28. In these circumstances, I consider that Mr. Salaja’s circumstances are indistinguishable in principle from those of the respondent Board in O’Brien and that the case, accordingly, is not moot.

29. Of course, I fully recognise that there may be instances where the conduct of an applicant for a statutory permission or a licence might well be abusive. This might be especially so where the applicant persisted with multiple and repetitious applications or where totally inconsistent and confusing positions were adopted in legal proceedings, such as the form of “procedural gambling” identified by Clarke J. in her judgment in Odulana v. Minister for Justice, Equality and Law Reform. High Court, June 25, 2009. In such circumstances, the courts might either be prepared to strike out the relevant legal proceedings on the grounds of abuse of process. The courts might likewise be prepared in the exercise of discretion to refuse to grant relief where the applicant had deliberately pursued an alternative remedy which was inconsistent with the stance originally taken in the judicial relief proceedings: see, e.g., the judgment of Butler J. in The State (Conlon Construction Co. Ltd.) v. Cork County Council, High Court, July 31, 1975. But I cannot say that the applicant has engaged in abusive behaviour in this fashion. It is, perhaps, unfortunate - and probably rather tiresome for the Minister - that he has submitted repeated applications, but he doubtless felt that he was justified in bringing new material to the attention of the Minister following the birth of Cara in May, 2010.

Lack of Candour
30. It is also contended that the proceedings should be dismissed in limine by reason of alleged lack of candour on the part of the applicant in respect of his frequent visits to Northern Ireland. The Minister contends that the applicant has no permission to enter Northern Ireland. But even assuming it were to be established that the applicant lacked candour in this respect, this would not justify this Court striking out these proceedings in a summary fashion. While it is plain that this Court may refuse to grant relief to which an applicant would otherwise be entitled by reason of the latter’s lack of candour (see, e.g., The State (Vozza) v. O’Floinn [1957] I.R. 227; AGAO v. Minister for Justice, Equality and Law Reform [2007] 2 IR 492), this will depend on the actual circumstances of the case. Thus, for example, a court might ultimately find that the lack of candour did not materially affect the outcome of the case, so that in such circumstances, the lack of candour was not strictly relevant to the issue as to whether relief should be granted: see, e.g., the comments of Finlay Geoghegan J. in GD v. Minister for Justice, Equality and Law Reform [2006] IEHC 344.

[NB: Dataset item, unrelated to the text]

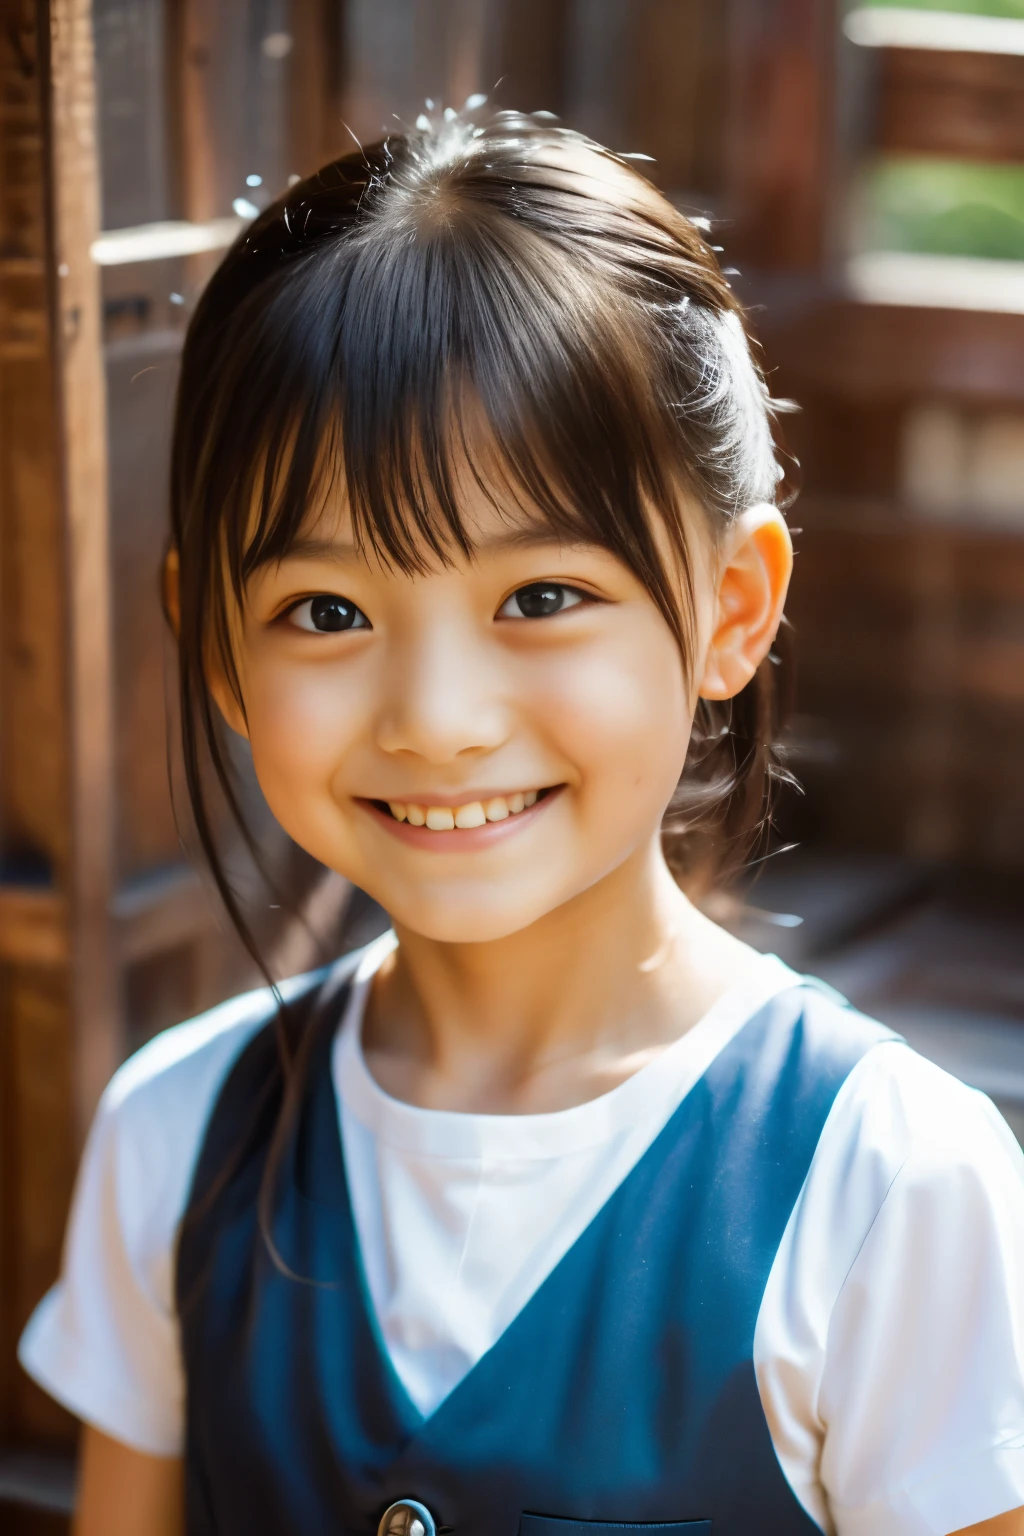 (最好的品質, 傑作), (美麗的7歲日本女孩), (雀斑:0.6), 柔光, 馬尾辮
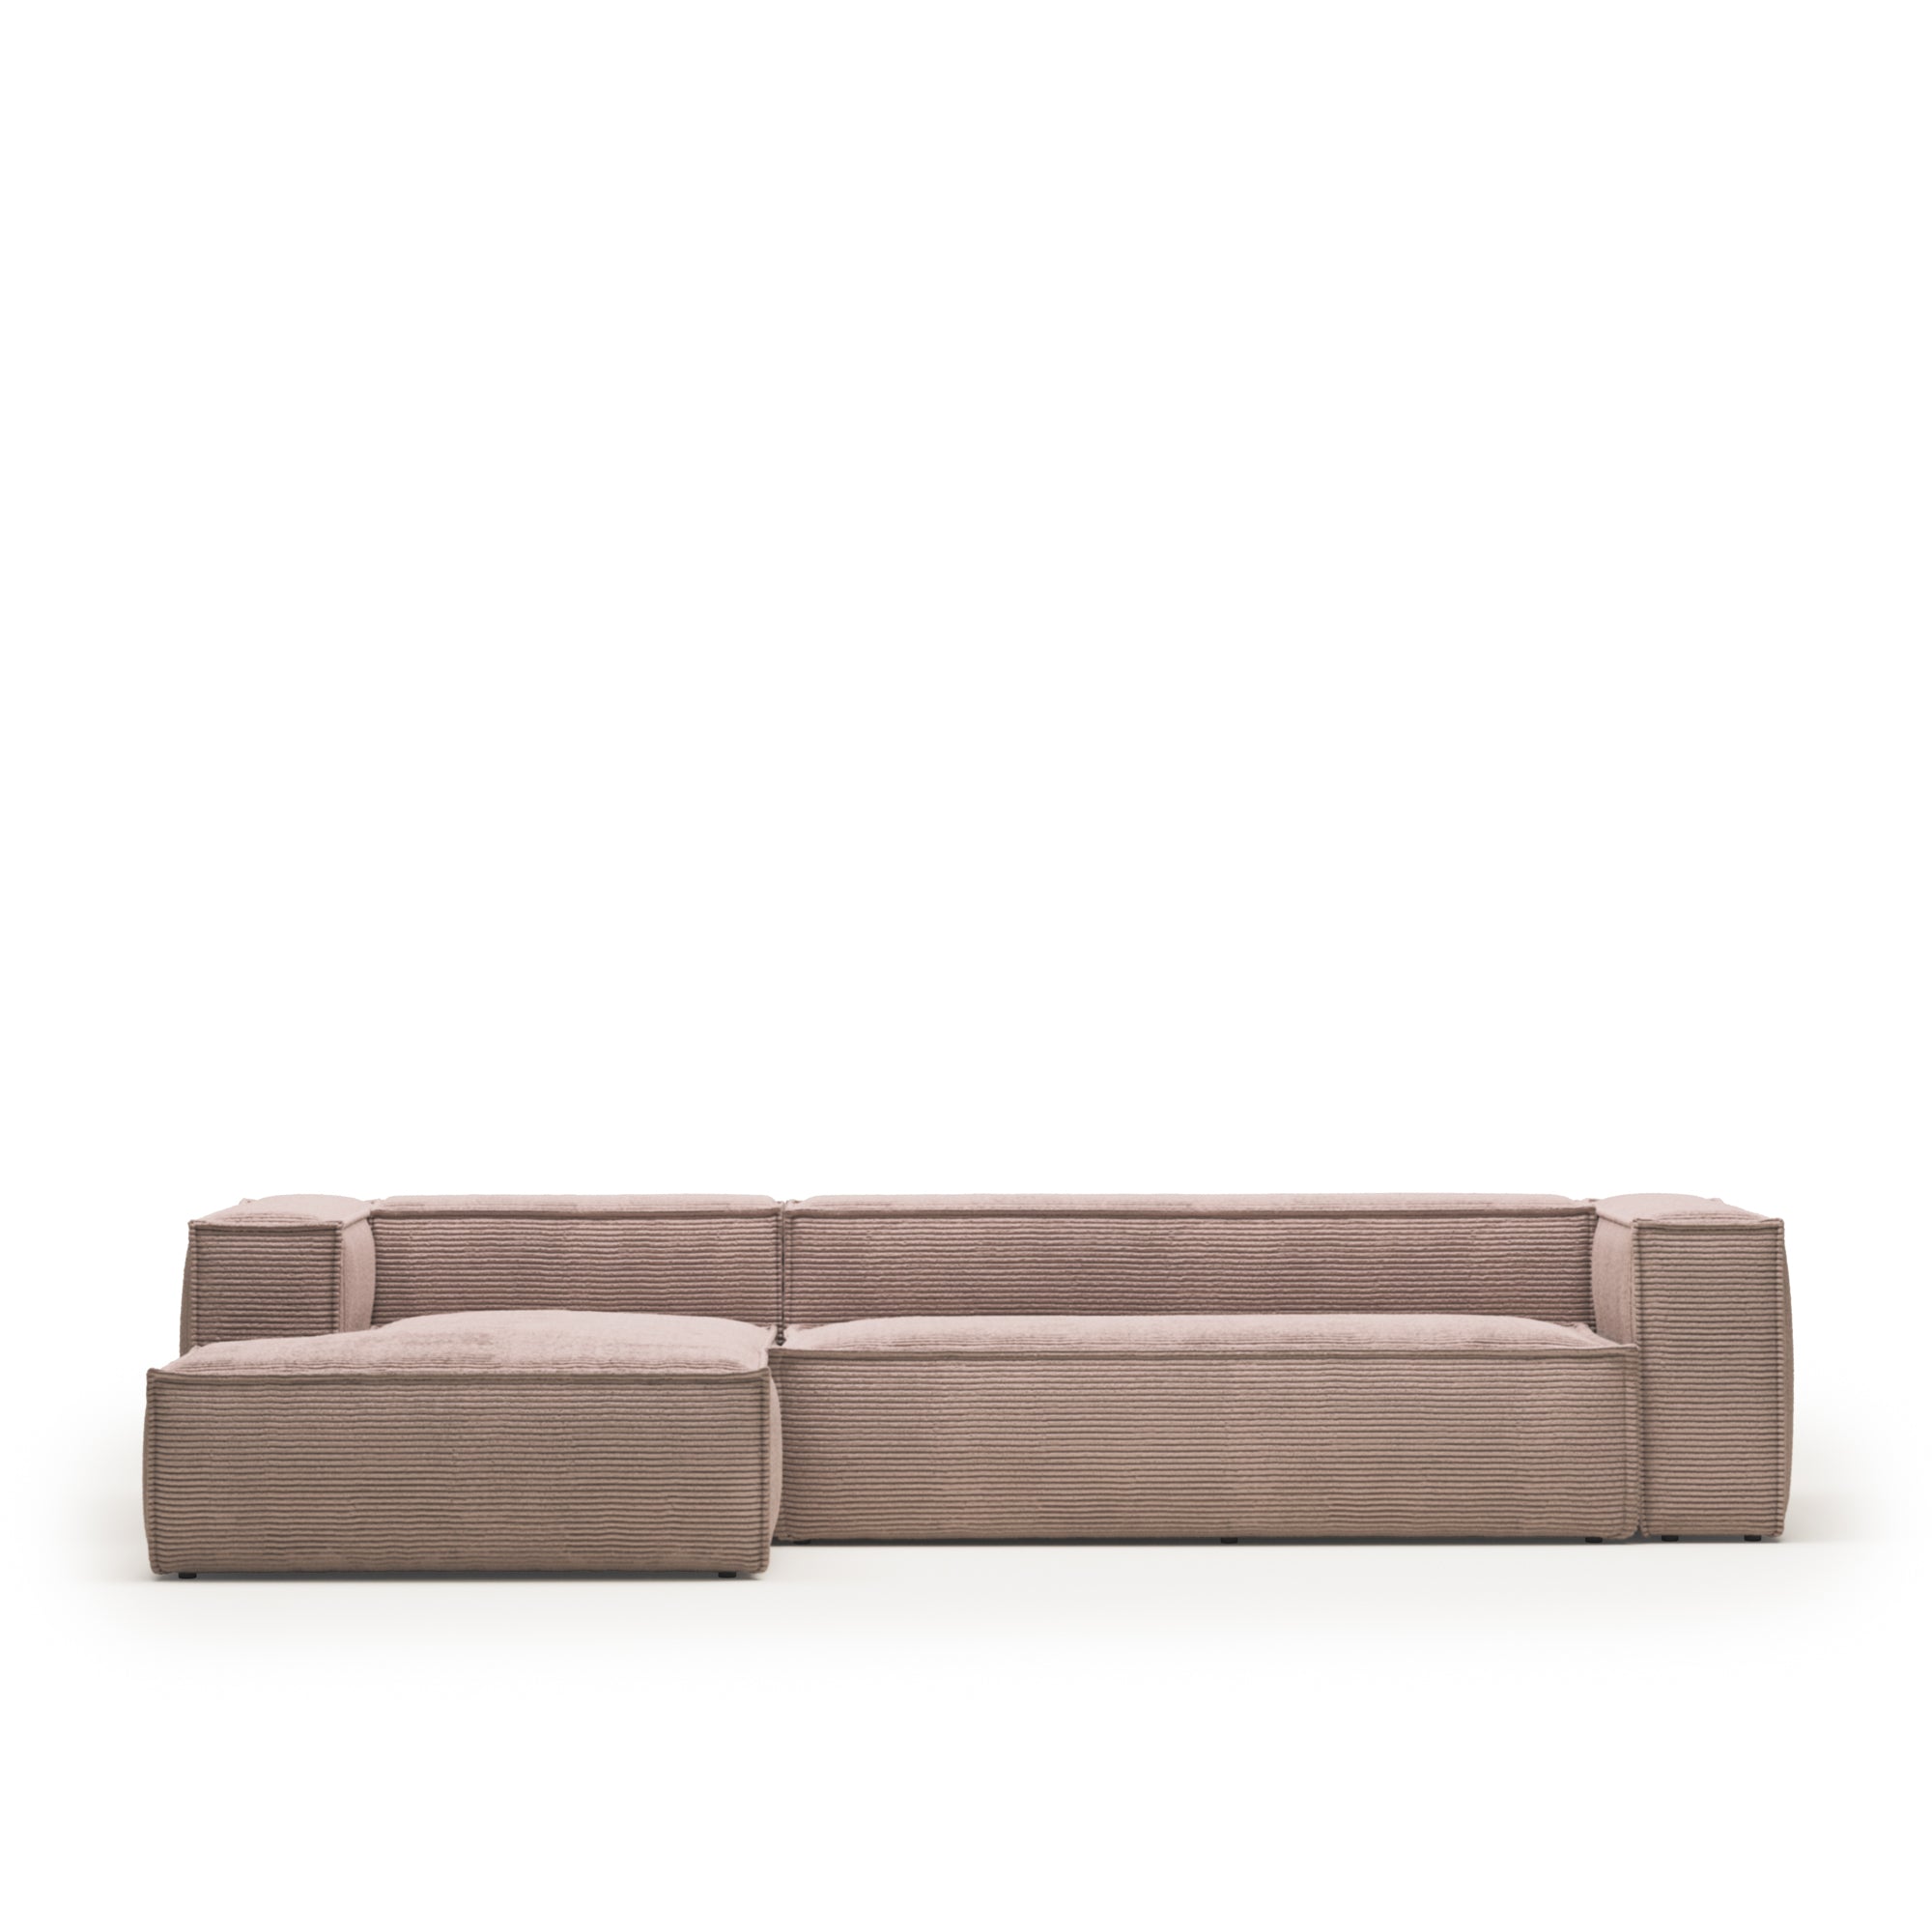 Blok 4 személyes kanapé bal oldali fekvőfotellel, rózsaszín, széles varrású kordbársony, 330 cm

31. The Supreme Court has held that it is generally inappropriate for the court to deal with the question of undue delay in judicial review cases as a preliminary issue, because “[e]xcept perhaps in the very plainest of cases, the necessity to enquire into other matters….will render it inappropriate to deal with the matter by way of preliminary issue”: see BTF v. Director of Public Prosecutions [2005] IESC 25, [2005] 2 IR 559, 564 per Hardiman J. The same is certainly true by analogy in respect of the lack of candour, since, save again “in the very plainest of cases”, the question of whether relief should be withheld will depend on an examination of a number of factors.

Conclusions
32. For the reasons stated, I would refuse the relief sought by the Minister in this preliminary motion. I should add, of course, that I express no view whatever on the individual merits of the substantive proceedings.